The point I’m trying to make with all this shop talk is to demonstrate just how little communication happens between different groups of taxonomists, and that a lot of this lack of communication isn’t just due to science becoming ever more insular and compartmentalized as it becomes less and less possible for one person to know everything, but is also due to toxic cultural attitudes that lead biologists to not consider taxa outside their group of study simply because they consider them uninteresting. This isn’t just entomologists and paleontologists, but I’m just highlighting these two given they’re cases I’ve experienced enough with both to use them as case studies.
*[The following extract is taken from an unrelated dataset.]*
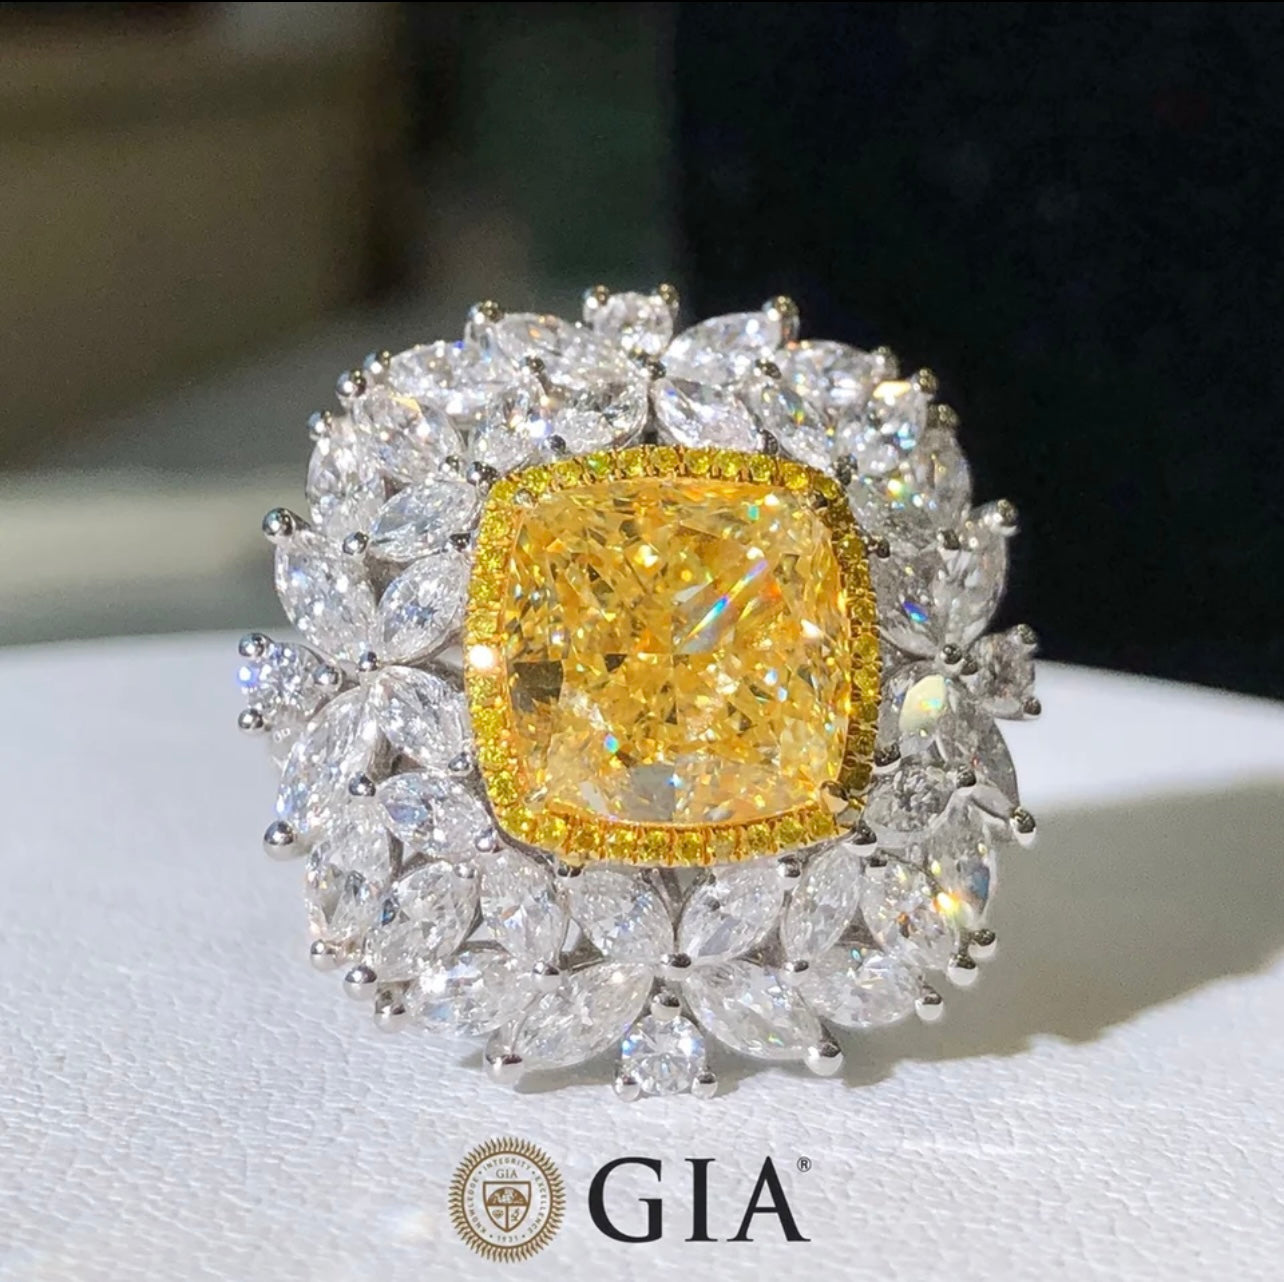 GIA Certified Argyle Diamond 6.00 Carats Fancy Vivid Yellow Brilliant Cushion Cut Diamond Ring Very Beautiful.

Some of it may be personality as well, given that I’ve noticed a lot of scientists tend to have issues with tunnel-vision, be terrible at understanding other people’s perspectives or why they think the way they do (or convince another to adopt their thought process), and tend to be very uncompromising and confrontational in their stances (the flip side of that is that it is probably because they have these kinds of personalities that these individuals excel in research in the first place). However, the downside of this is that the types of people who tend to become scientists are unlikely to be inspired by other fields of study or regularly communicate with researchers who work on topics outside their immediate bubble. It’s not impossible for researchers to do so, and there are examples of cross-disciplinary collaboration and communication, but the fact that there is currently a crisis over science becoming over-insularized and thus not-exposed to novel ideas highlights how the lack of communication is an issue.